Bądź dobry dla siebie
Czas, w którym się w tej chwili znajdujemy, jest niełatwy dla każdego z nas. Wchodząc na media społecznościowe, oglądając TV czy słuchając radia, tematem przewodnim jest obecna sytuacja na Ukrainie.
Co dalej?
Myślę, że wielu z nas zastanawia się nad tym co dalej. Cała ta niepewność powoduje, że popadamy w stany lękowe, czujemy strach. Martwimy się o siebie, swoich najbliższych, oraz o najbliższą przyszłość.
Jednak czy negatywnymi myślami jesteśmy w stanie coś zmienić? Myślę, że nie.
Kiedyś usłyszałam zdanie, że „Walka powoduje jeszcze więcej walki, a lęk jeszcze więcej lęku." Tak, to prawda. Nasilający się lęk odbiera nam zdolność do patrzenia na daną sytuację racjonalnie, w dużo szerszym aspekcie. Powstaje lęk zbiorowy, który przenosi się na kolejnych i kolejnych ludzi.
Czy w ten sposób jesteśmy w stanie pomóc sobie bądź innym?
Zdecydowanie nie. Dlatego ja staram się znaleźć swój 'złoty środek', żeby nie poddać się panującej histerii, choć jestem świadoma tego, że nie jest to w 100% możliwe.
Co mi pomaga?
Najlepszym sposobem dla mnie jest:
– Medytacja/mantra – ja stosuję ho'oponopono. Oczyszcza mój umysłu, wycisza mnie. Mogę ją stosować gdziekolwiek jestem, nawet jeżdżąc komunikacją miejską.

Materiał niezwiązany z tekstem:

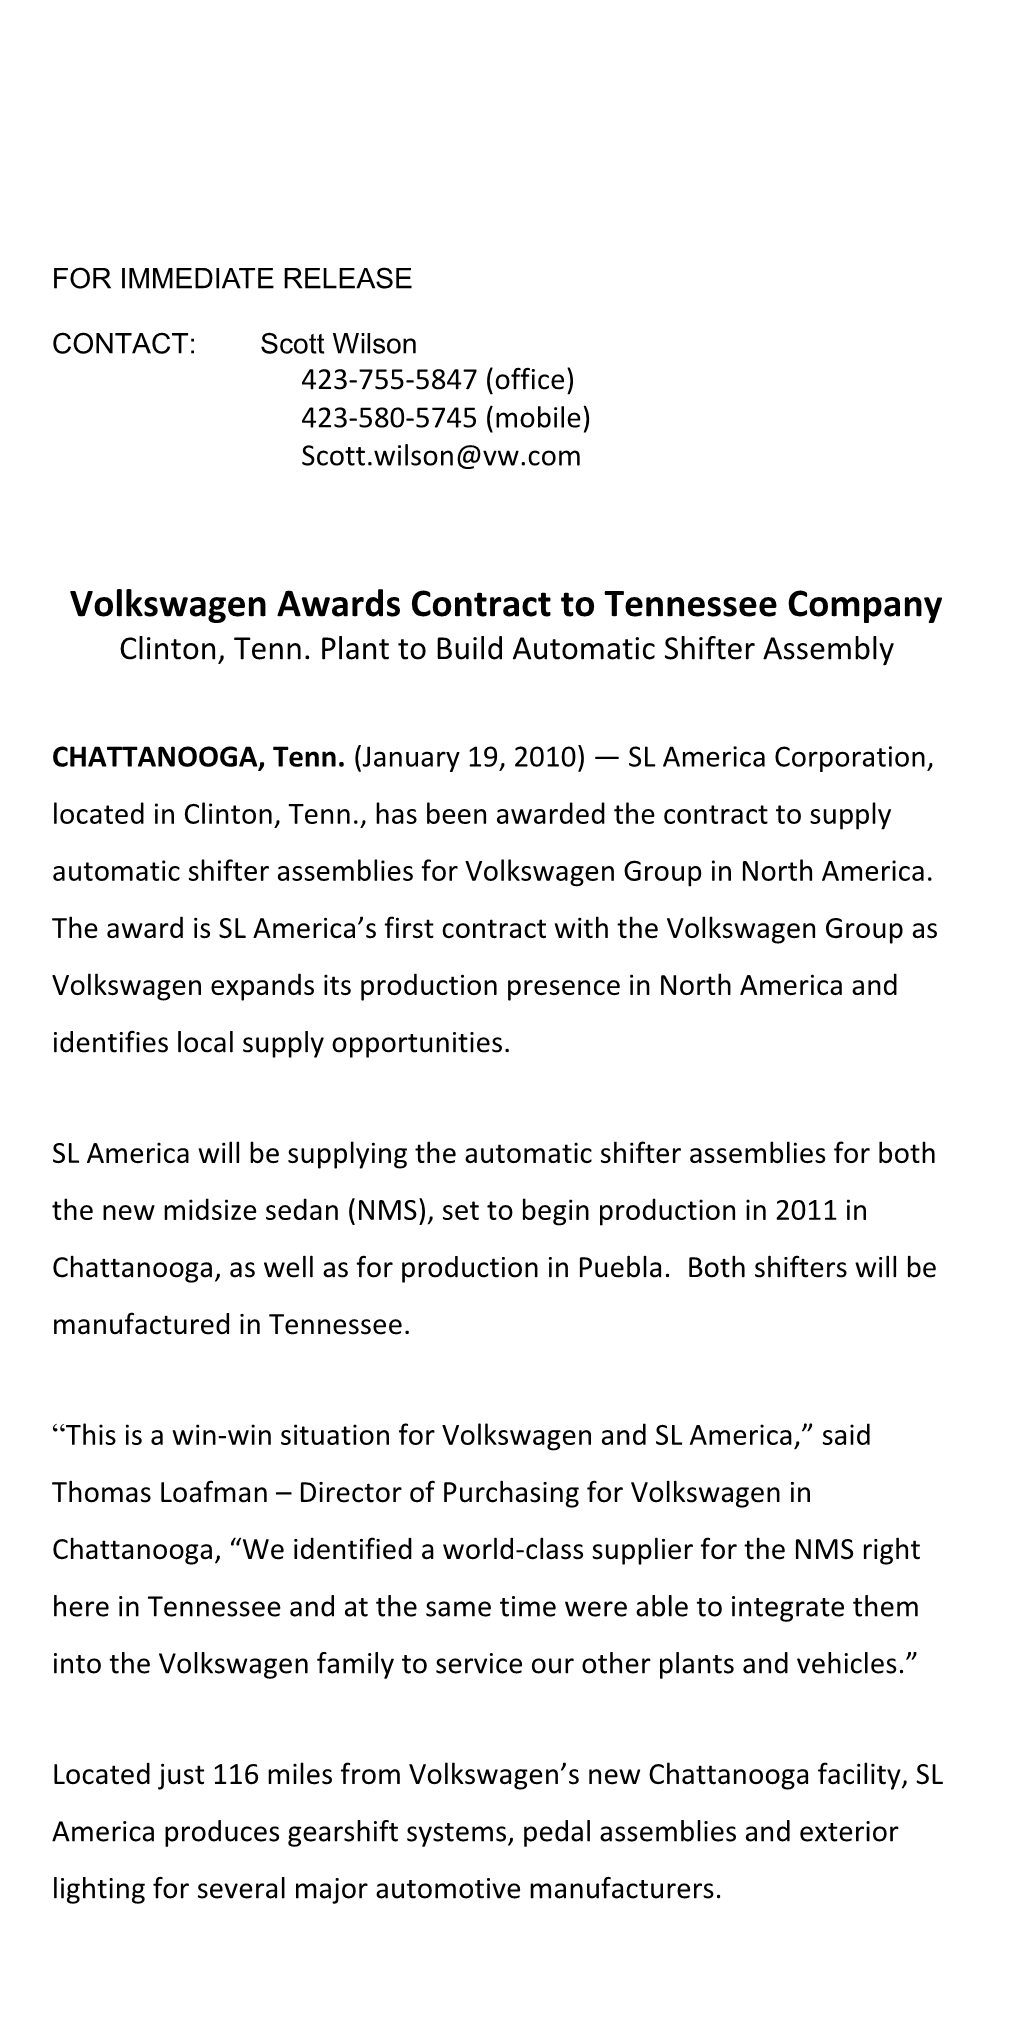 Volkswagen Awards Contract to Tennessee Company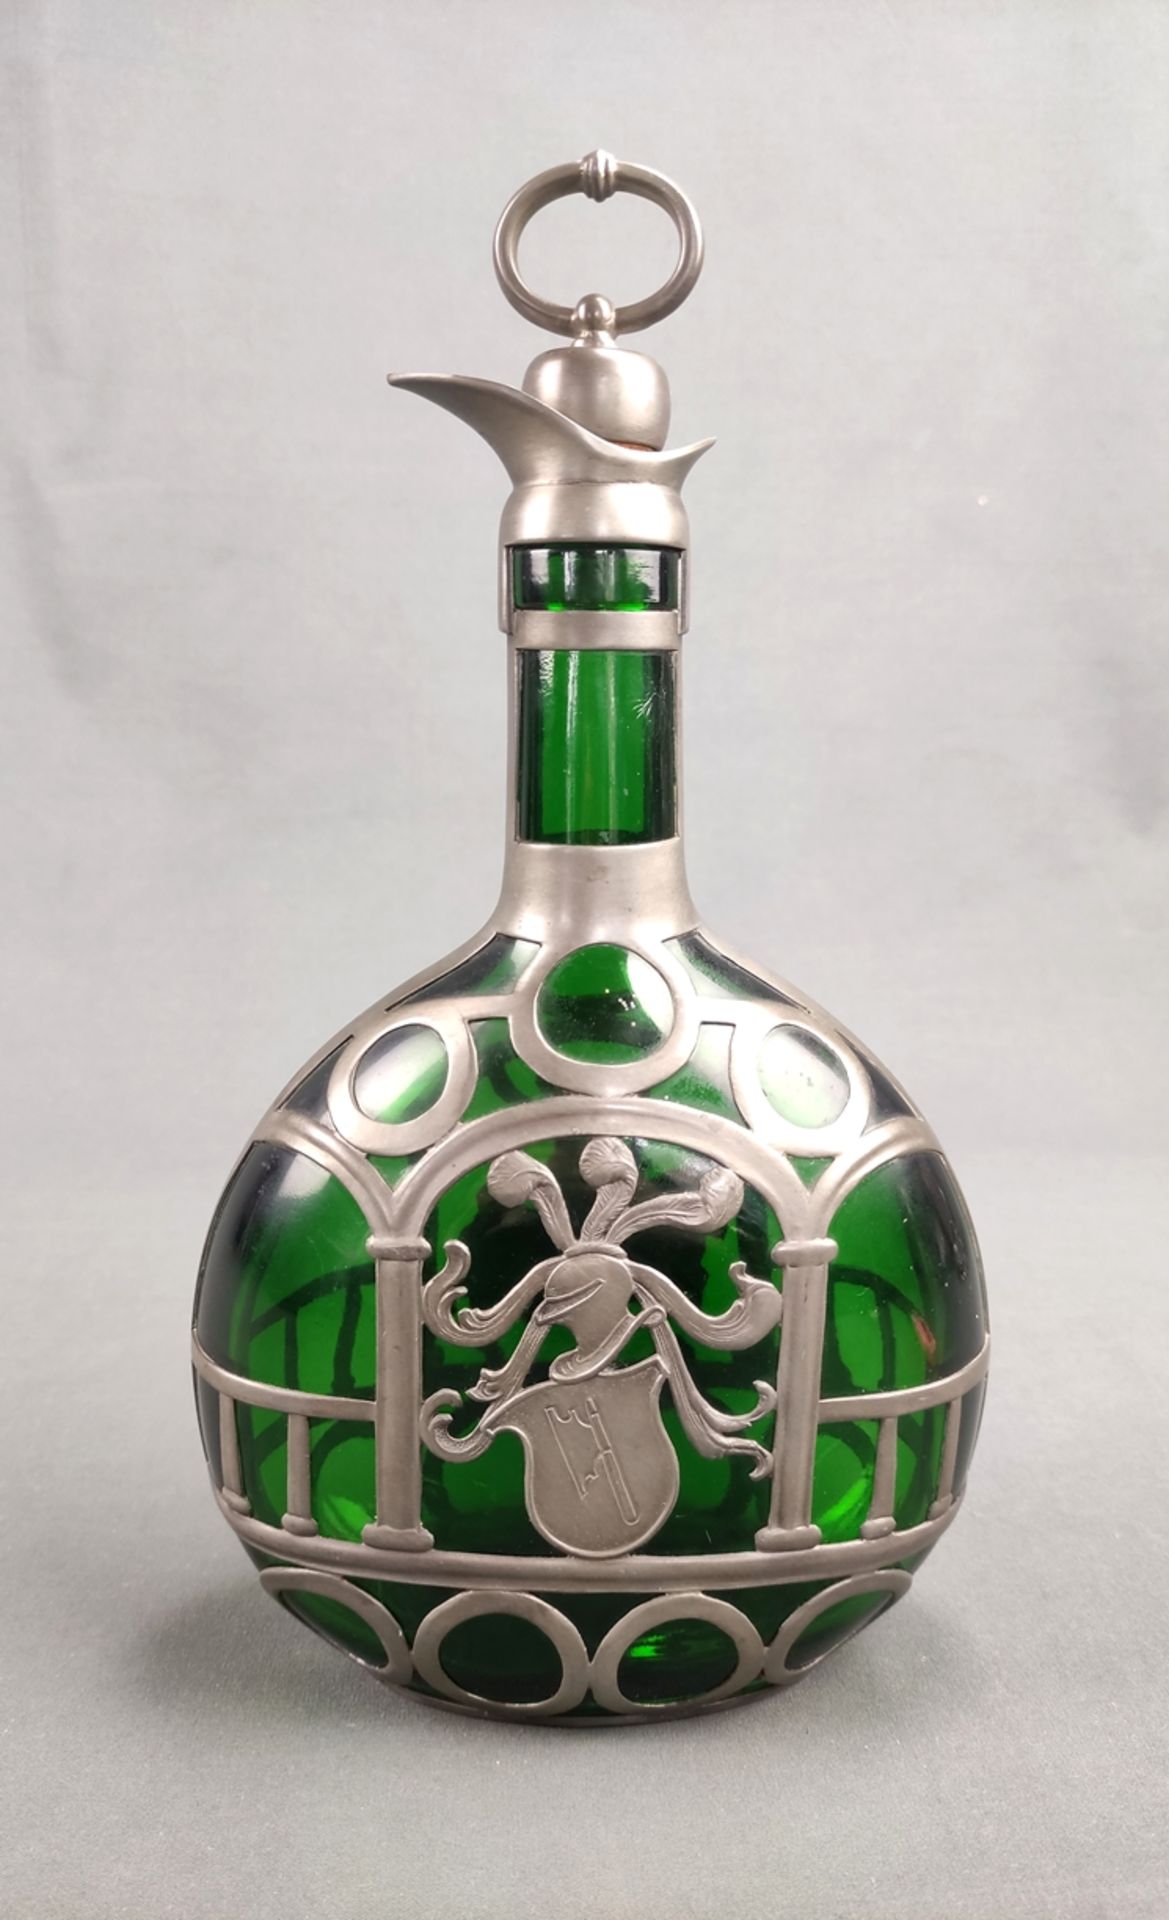 Bottle with decorative pewter frame, green glass, with cork stopper, on one side decorated with kni

– Słuchanie muzyki – odwraca moją uwagę od tego, co dzieje się dookoła, poprawia mój nastrój, pozytywne wpływa na moje emocje.
– Spacer – chociażby 20 minut dziennie na świeżym powietrzu obniża poziom stresu i dotlenia organizm.
Trzymajcie się ciepło i dbajcie o siebie!